Im Jahre 840 wurde die erste Schiffsmühle bei Straßbourg und 1112 bei Mainz erwähnt. Die Blütezeit dieser lag im 16. Und 17. Jahrhundert. Die Schiffsmühle war eine Variante der Wassermühle. Die am weitesten verbreitete Form bestand aus zwei hölzernen Schiffen, die im Flussbett verankert waren. Das größere Hausschiff beherbergte das Mahlwerk und die Müllerstube, das kleinere Wellenschiff die Auflage der Welle des Schaufelrades. Zwischen beiden Schiffen drehte sich das mächtige Schaufelrad im Strom.

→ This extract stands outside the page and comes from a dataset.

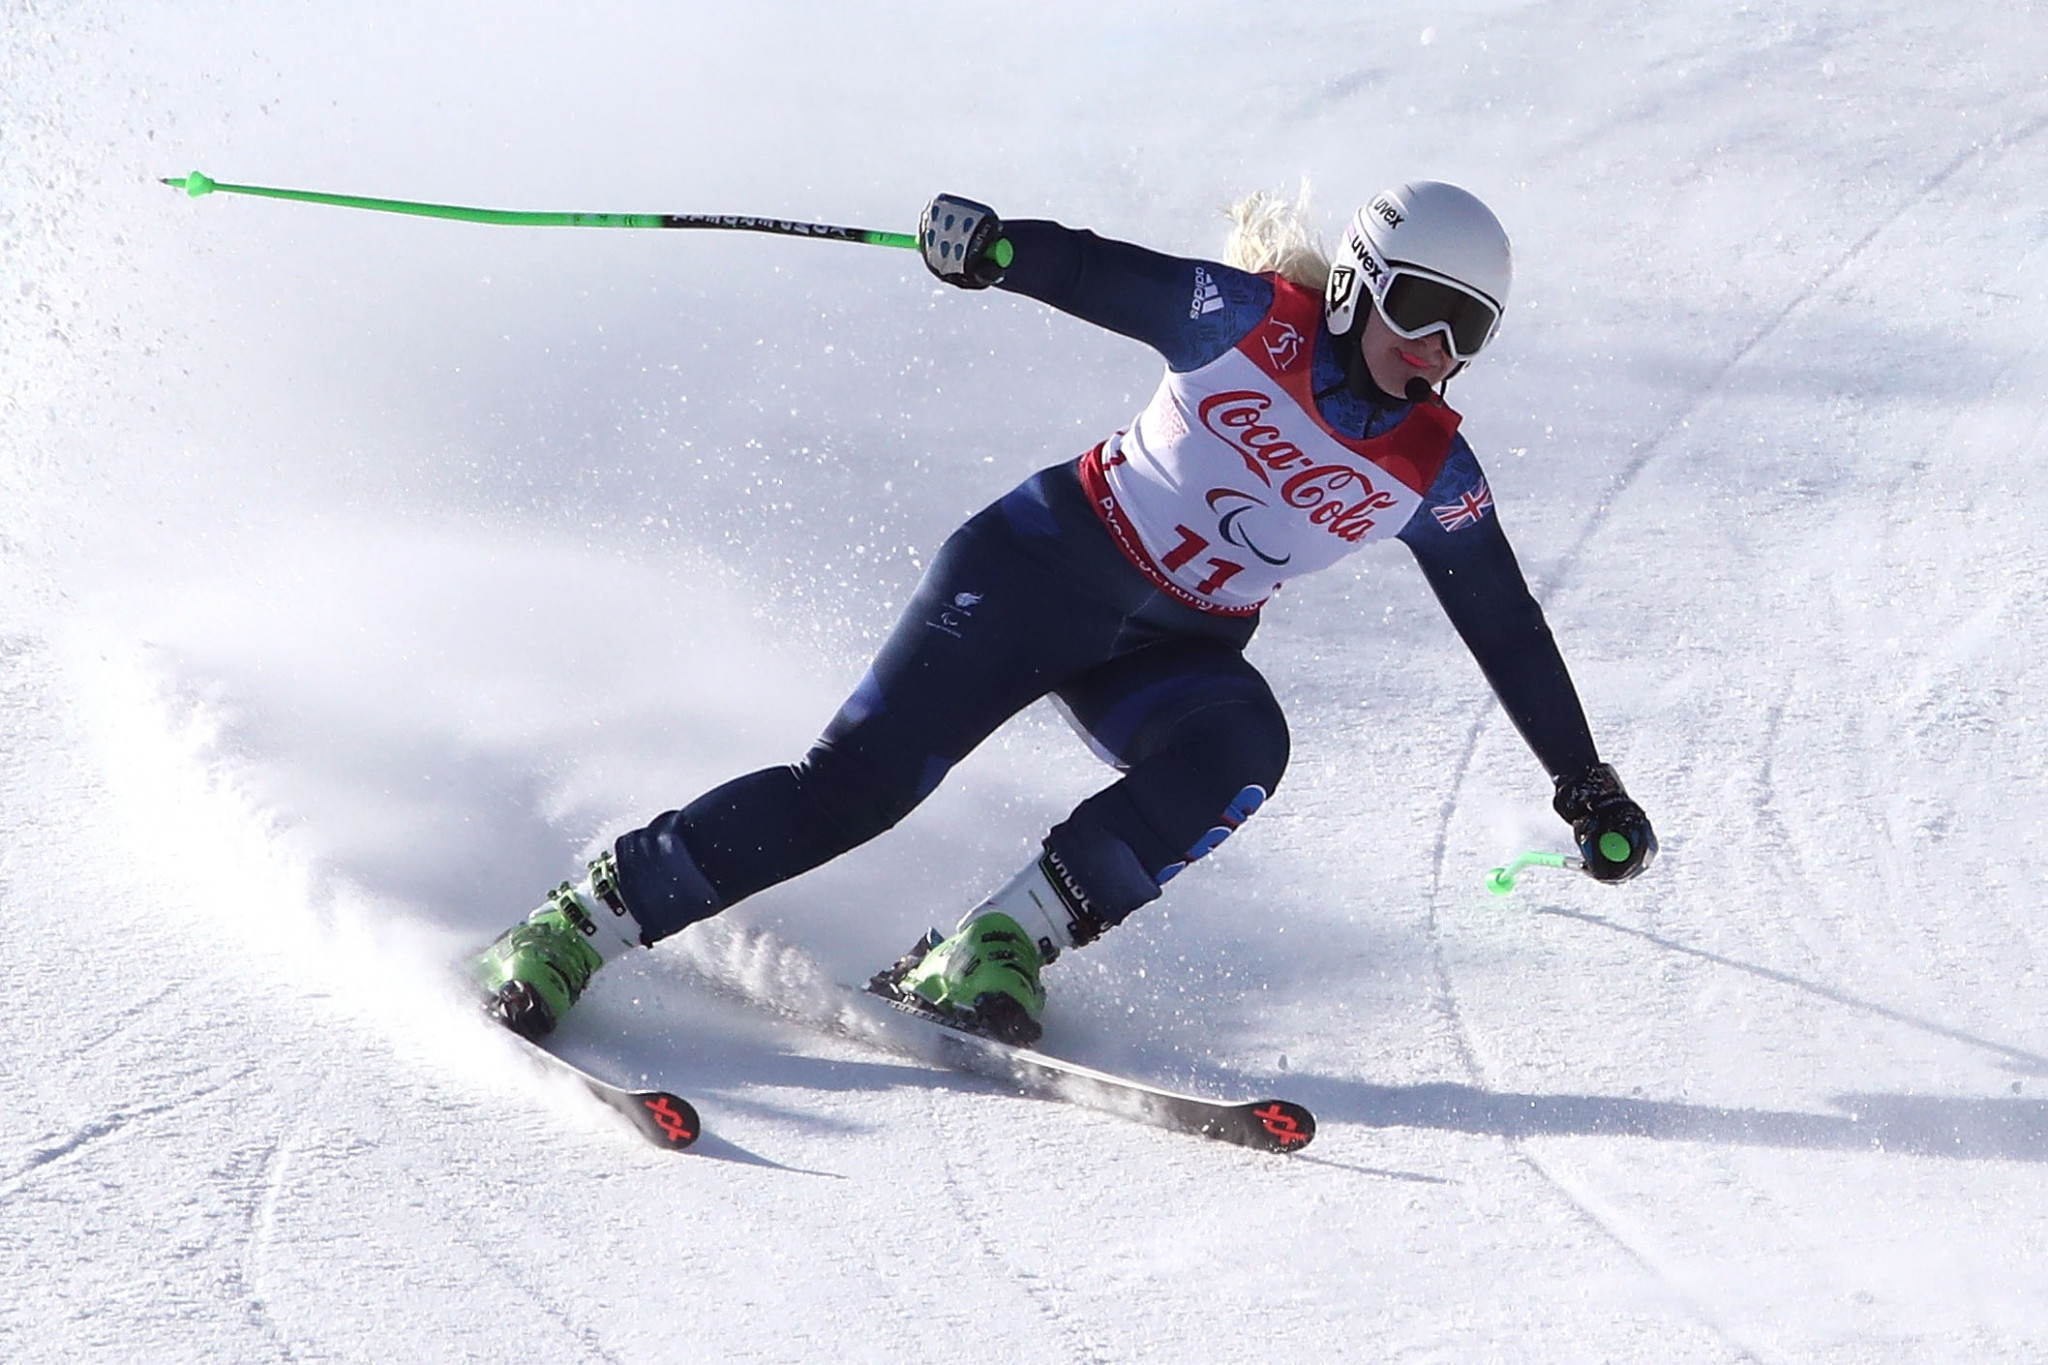 Britain's first-ever Winter Paralympic champion Gallagher retires

Der Betreiber einer Schiffmühle war Müller und Kapitän zugleich. Er hatte das Recht, sich die beste Strömung im Fluss auszusuchen. Nach Lichten der Anker und Einziehen der Taue konnte er mit seiner Mühle flussabwärts treiben, stromaufwärts wurden den Mühlen gezogen. Hochwasser und Eisgang waren die größten Gefahren für diese Mühlen Selbst in den speziellen „Buhnen“ (Mühlenhäfen) waren diese Mühlen nicht immer sicher. Oftmals rissen Flutwellen die Mühlen aus ihren Verankerungen, und sie trieben stromabwärts und zerschellten am Ufer oder an Brückenpfeilern.
Die Lebensdauer einer Schiffmühle betrug zwischen 40 und 50 Jahren, und die Wartung sowie die Anschaffung waren sehr teuer. Anfänglich waren Schiffmühlen Eigentum der Kirchen, Klöster und Stifte, danach gingen sie in den Besitz der Landesherren über, die sie als Lehen vergaben. Erst um 1600 konnten Müller diese Mühlen ihr Eigen nennen.
Die starke zu Zunahme von Schiffsmühlen hatte eine Behinderung der Schifffahrt zur Folge. So wurde z. B. durch die Großherzögliche Regierung von Hessen im Jahre 1816 eine Art Quotenreglung eingeführt, und die Schiffsmühlen nahmen drastisch ab. 1861 wurde in der Mannheimer Schifffahrtsakte der Bau von Schiffsmühlen auf dem Rhein verboten. 1926 veschwand die letzte Rheinschifffahrtsmühle bei Ginsheim.